Provides-Extra: flash-attn
Requires-Dist: flash-attn==2.5.9.post1; extra == "flash-attn"
Requires-Dist: packaging; extra == "flash-attn"
Requires-Dist: ninja; extra == "flash-attn"

# vllm-tgis-adapter

vLLM adapter for a TGIS-compatible grpc server.

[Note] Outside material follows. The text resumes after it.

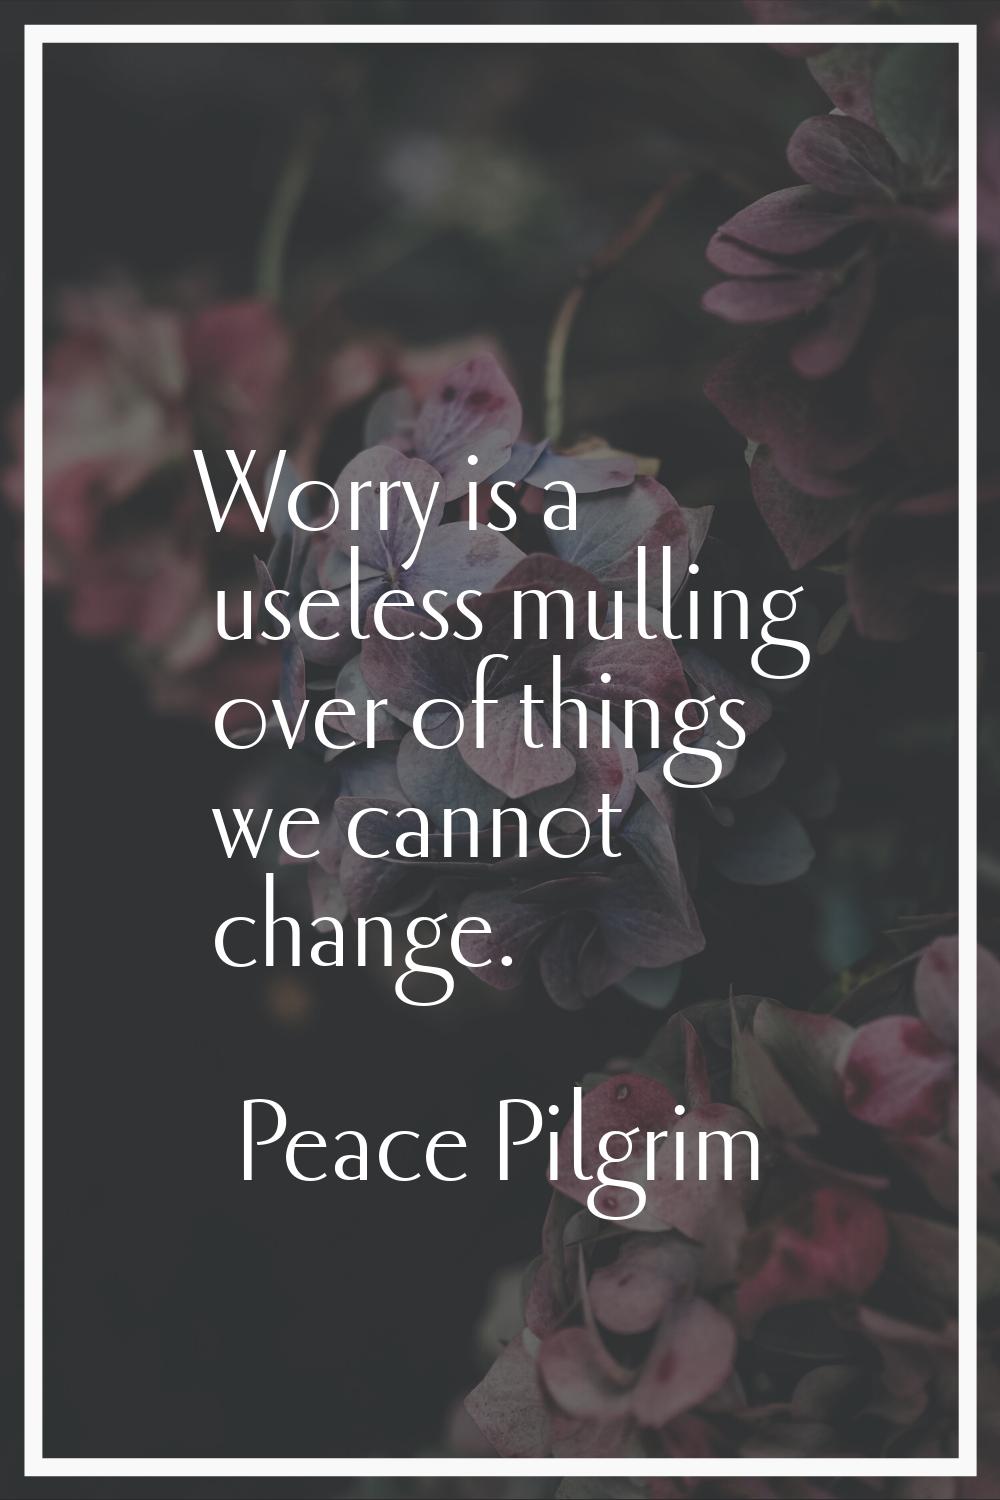 Worry is a useless mulling over of things we cannot change.

[![PyPi](https://img.shields.io/pypi/v/vllm-tgis-adapter?label=pip)](https://pypi.org/project/vllm-tgis-adapter)
[![Tests](https://github.com/opendatahub-io/vllm-tgis-adapter/actions/workflows/tests.yaml/badge.svg)](https://github.com/opendatahub-io/vllm-tgis-adapter/actions/workflows/tests.yaml)
[![quay.io/opendatahub/vllm](https://img.shields.io/badge/quay.io-opendatahub/vllm--tgis-darkred)](https://quay.io/repository/opendatahub/vllm?tab=tags)
[![codecov](https://codecov.io/github/opendatahub-io/vllm-tgis-adapter/branch/main/graph/badge.svg?token=1HVSOP6N0J)](https://codecov.io/github/opendatahub-io/vllm-tgis-adapter)

## Install

vllm-tgis-adapter is available on [PyPi](https://pypi.org/project/vllm-tgis-adapter)

```bash
pip install vllm-tgis-adapter
python -m vllm_tgis_adapter
```

### HealthCheck CLI

Installing the adapter also install a grpc healthcheck cli that can be used to monitor the status of the grpc server:

```console
$ grpc_healtheck
health check...status: SERVING
```

See usage with

```bash
grpc_healthcheck --help
```

## Build

```bash
python -m build
pip install dist/*whl
python -m vllm_tgis_adapter
```

## Inference

This will start serving a grpc server on port 8033. This can be queried with grpcurl:

```bash
bash examples/inference.sh
```

### Docker

Image available at [quay.io/opendatahub/vllm](https://quay.io/opendatahub/vllm?tab=tags), built from [opendatahub-io/vllm](https://github.com/opendatahub-io/vllm)'s [Dockerfile.ubi](https://github.com/opendatahub-io/vllm/tree/main/Dockerfile.ubi)

```bash
docker pull quay.io/opendatahub/vllm
```

### Inference

See [examples](/examples)

## Contributing

Set up [`pre-commit`](https://pre-commit.com) for linting/style/misc fixes:

```bash
pip install pre-commit
pre-commit install
# to run on all files
pre-commit run --all-files
```

This project uses [`nox`](https://github.com/wntrblm/nox) to manage test automation:

```bash
pip install nox
nox --list  # list available sessions
nox -s tests-3.10 # run tests session for a specific python version
nox -s build-3.11 # build the wheel package
nox -s lint-3.11 -- --mypy # run linting with type checks
```

### Testing without a GPU

The standard vllm built requires an Nvidia GPU. When this is not available, it is possible to compile `vllm` from source with CPU support:

```bash

env \
    VLLM_CPU_DISABLE_AVX512=true VLLM_TARGET_DEVICE=cpu \
    PIP_EXTRA_INDEX_URL=https://download.pytorch.org/whl/cpu \
    pip install git+https://github.com/vllm-project/vllm
```

making it possible to run the tests on most hardware. Please note that the `pip` extra index url is required in order to install the torch CPU version.